Michael I. Jordan

  1. Coherence Functions with Applications in Large-Margin Classification Methods.

    Authors: Michael I. Jordan, Zhihua Zhang, Guang Dai
    Subjects: Machine Learning
    Abstract

    Support vector machines (SVMs) naturally embody sparseness due to their use
    of hinge loss functions. However, SVMs can not directly estimate conditional
    class probabilities. In this paper we propose and study a family of coherence
    functions, which are convex and differentiable, as surrogates of the hinge
    function. The coherence function is derived by using the maximum-entropy
    principle and is characterized by a temperature parameter. It bridges the hinge
    function and the logit function in logistic regression.

  2. The Asymptotics of Ranking Algorithms.

    Authors: Michael I. Jordan, John C. Duchi, Lester Mackey
    Subjects: Statistics
    Abstract

    We consider the predictive problem of supervised ranking, where the task is
    to rank sets of candidate items returned in response to queries. Although there
    exist statistical procedures that come with guarantees of consistency in this
    setting, these procedures require that individuals provide a complete ranking
    of all items, which is rarely feasible in practice. Instead, individuals
    routinely provide partial preference information, such as pairwise comparisons
    of items, and more practical approaches to ranking have aimed at modeling this
    partial preference data directly.

  3. Modeling Events with Cascades of Poisson Processes.

    Authors: Michael I. Jordan, Aleksandr Simma
    Subjects: Artificial Intelligence
    Abstract

    We present a probabilistic model of events in continuous time in which each
    event triggers a Poisson process of successor events. The ensemble of observed
    events is thereby modeled as a superposition of Poisson processes. Efficient
    inference is feasible under this model with an EM algorithm. Moreover, the EM
    algorithm can be implemented as a distributed algorithm, permitting the model
    to be applied to very large datasets. We apply these techniques to the modeling
    of Twitter messages and the revision history of Wikipedia.

  4. Joint Modeling of Multiple Related Time Series via the Beta Process.

    Authors: Michael I. Jordan, Alan S. Willsky, Emily B. Fox, Erik B. Sudderth
    Subjects: Methodology
    Abstract

    We propose a Bayesian nonparametric approach to the problem of jointly
    modeling multiple related time series. Our approach is based on the discovery
    of a set of latent, shared dynamical behaviors. Using a beta process prior, the
    size of the set and the sharing pattern are both inferred from data. We develop
    efficient Markov chain Monte Carlo methods based on the Indian buffet process
    representation of the predictive distribution of the beta process, without
    relying on a truncated model.

  5. Combinatorial clustering and the beta negative binomial process.

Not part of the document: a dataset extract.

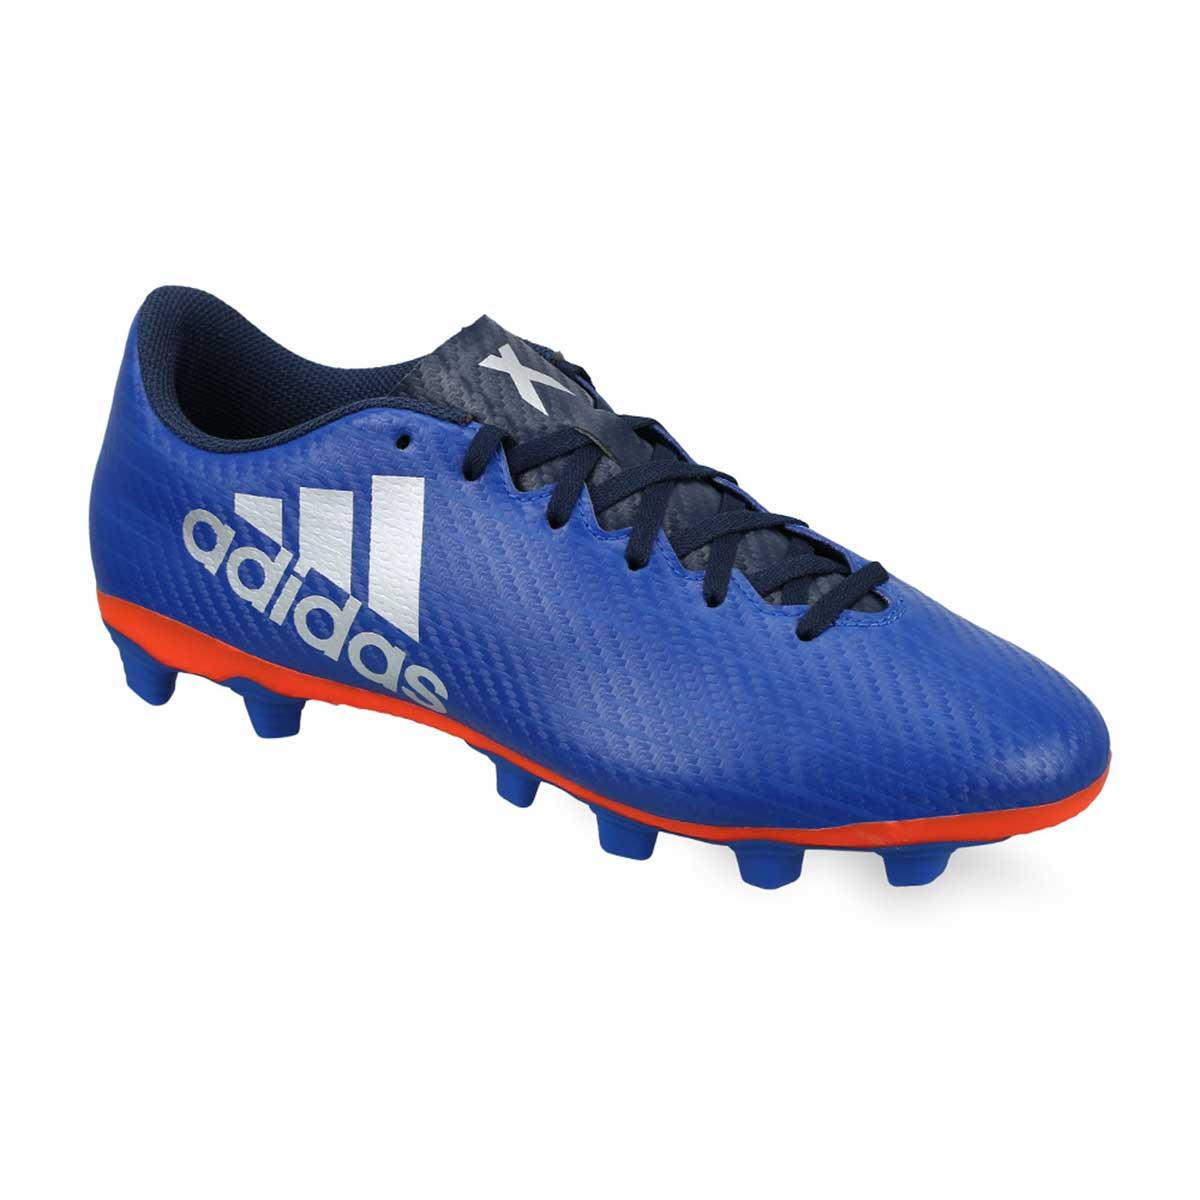 Buy Adidas X 16.4 FXG Football Shoes (Royal/Silver/Red) Online

    Authors: Michael I. Jordan, Tamara Broderick, Lester Mackey, John Paisley
    Subjects: Methodology
    Abstract

    In this work, we establish novel connections between the Bayesian
    nonparametric clustering and featural paradigms by considering the problem of
    admixture modeling. We examine the Dirichlet process-and its unnormalized
    Poisson point process generation via the gamma process-on the traditional
    clustering side of Bayesian nonparametrics. On the featural side, we examine
    the beta process and introduce a new model, the beta negative binomial process
    (BNBP), for admixture modeling.

  6. Revisiting k-means: New Algorithms via Bayesian Nonparametrics.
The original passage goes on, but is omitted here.